Having a cluttered room tells your body there is disorder and chaos, which can trigger hyperactivity and hyper-awareness. By cleaning your room, it becomes an environment of tranquility and rest.

By the same token, by designating your bedroom as your sleep zone, you’re reinforcing this point. Don’t work on your laptop in bed, it can confuse your brain and make it less likely to want to rest there.


Making sure your sleep is on point is the foundation for your daily activity. Once it gets out of control, everything else suffers. You’ll become less productive, less happy and far less healthy.

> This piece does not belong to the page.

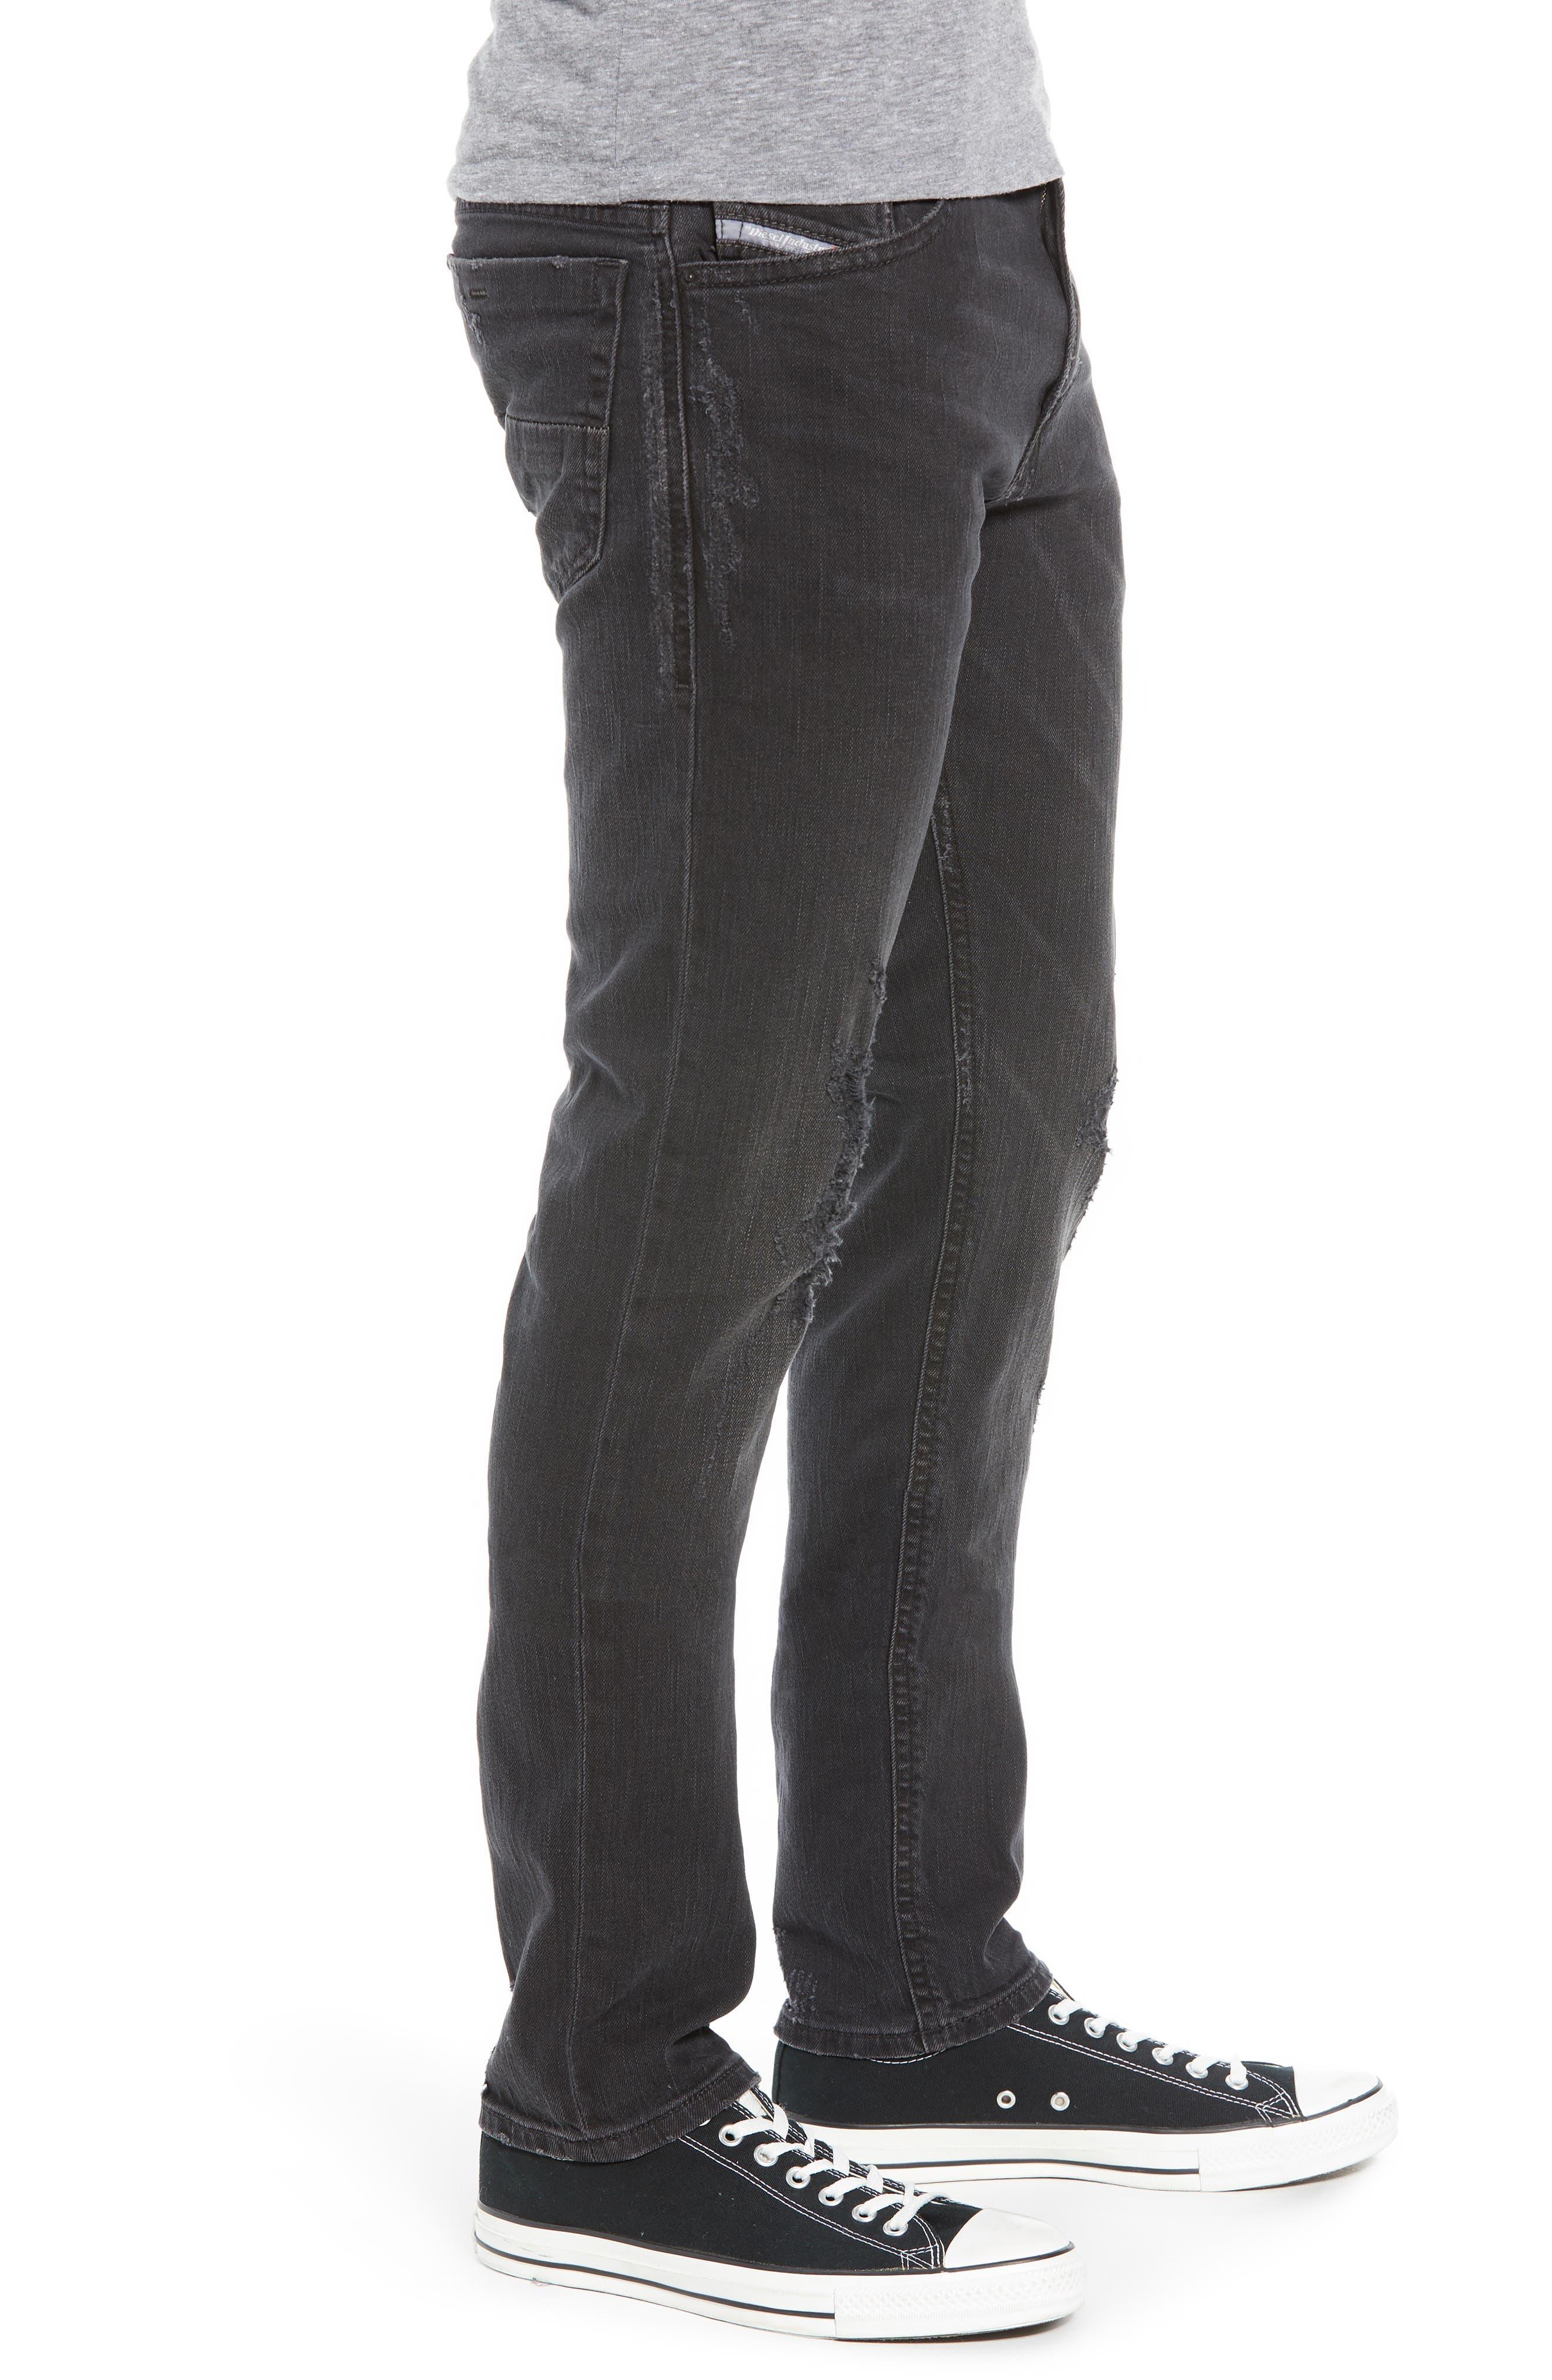 Thommer Skinny Fit Jeans,                             Alternate thumbnail 3, color,                             CN013

The key to ensuring your sleep is high quality all comes down to designating your awake times and your sleep times. Make sure you’re committed to doing daytime things in the day, and nighttime things in the night. Only by segmenting different periods in the day can your body fully commit to them, and you won’t be left feeling unhappy, lost and in sleep purgatory.

This information is intended to help readers be more informed about their health options when speaking with a professional, but it should not be used alone to diagnose, treat, prevent or cure any disease or condition. Be sure to speak to a qualified doctor before taking any action to make sure that your choices reflect your actual health situation.